The problem
Look through the listing below for the line with "Sky Futures Logo" and the line with "Envolturas de chales". Copy both, along with every line between them, exactly and with no pictures.

Task data
▼

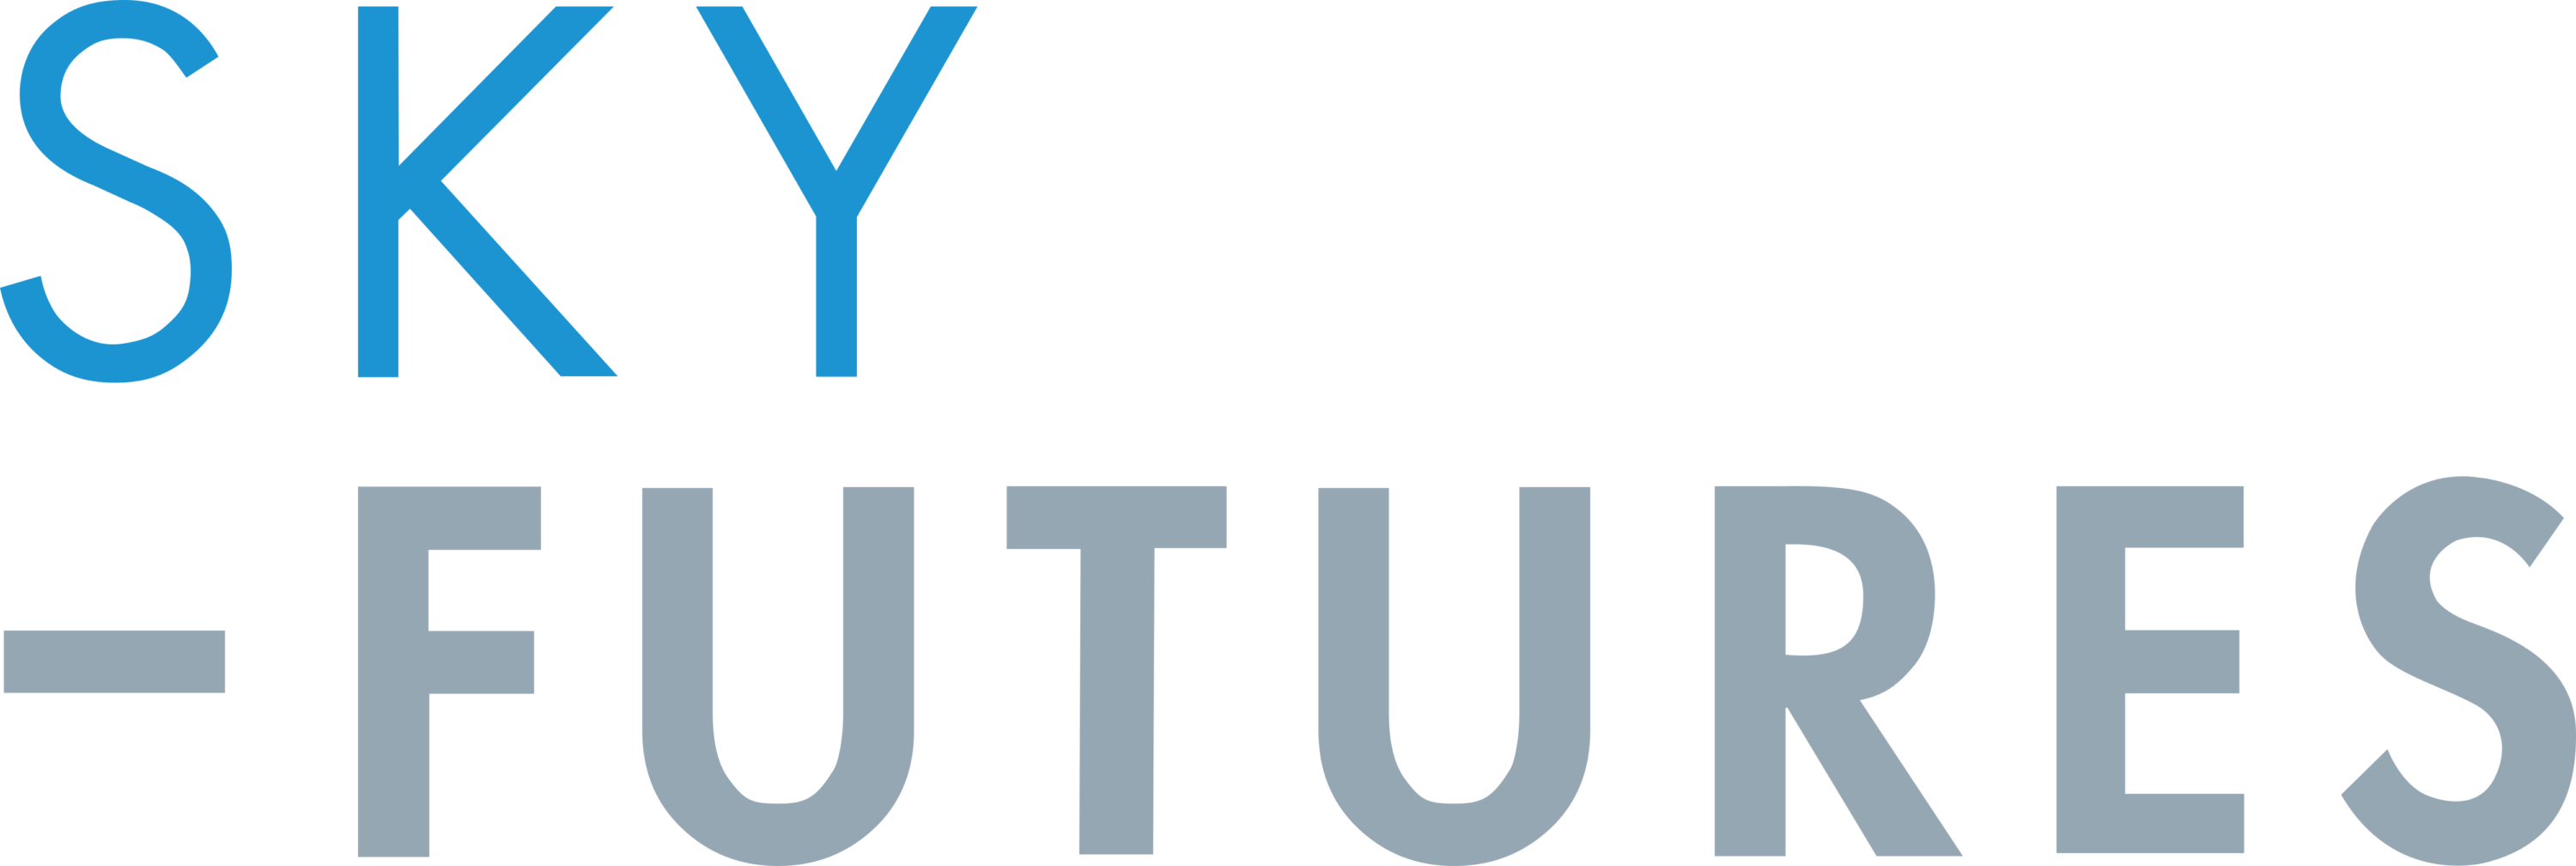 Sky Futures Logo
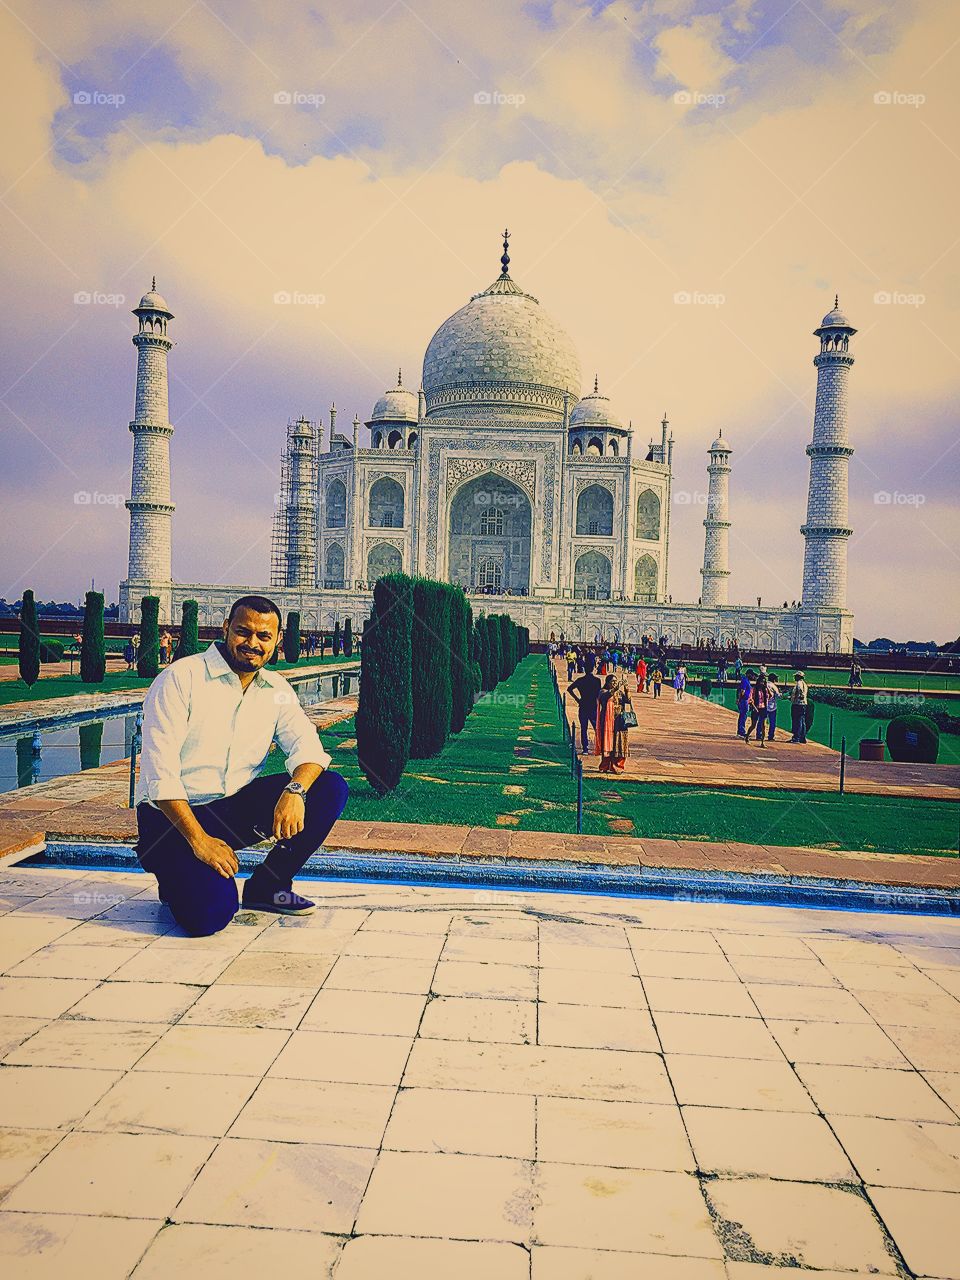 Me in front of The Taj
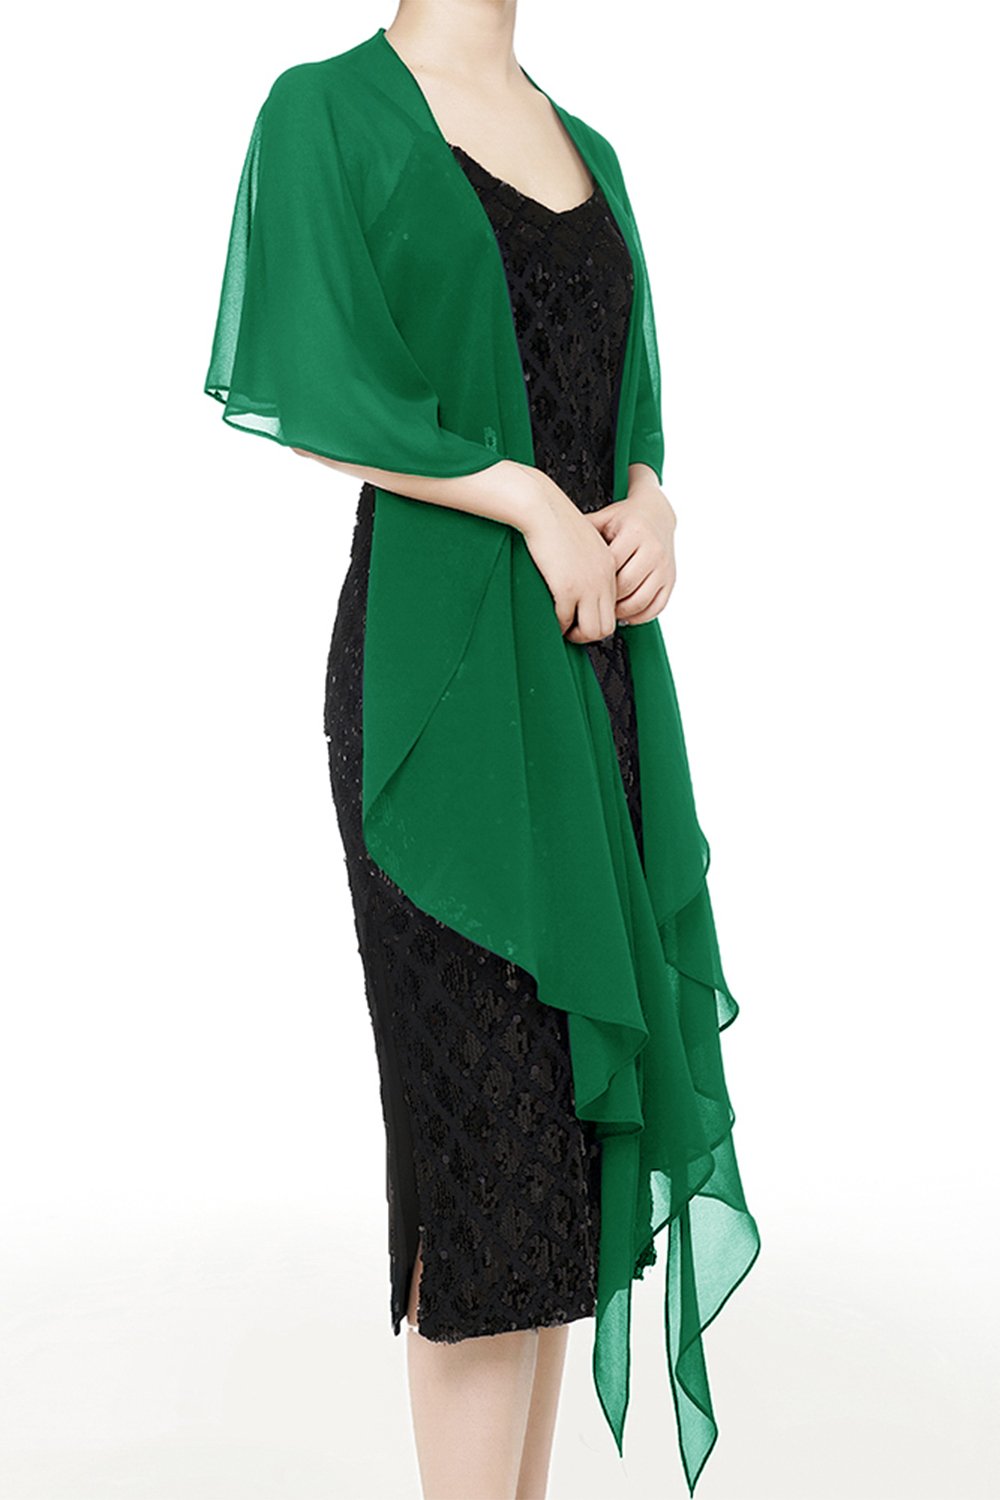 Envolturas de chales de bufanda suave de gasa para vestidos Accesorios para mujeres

▲
▼

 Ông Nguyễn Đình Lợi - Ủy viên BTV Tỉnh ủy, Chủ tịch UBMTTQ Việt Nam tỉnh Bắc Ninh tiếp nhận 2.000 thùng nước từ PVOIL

▲

Reply to the task
 Sky Futures Logo
 Me in front of The Taj
 Envolturas de chales de bufanda suave de gasa para vestidos Accesorios para mujeres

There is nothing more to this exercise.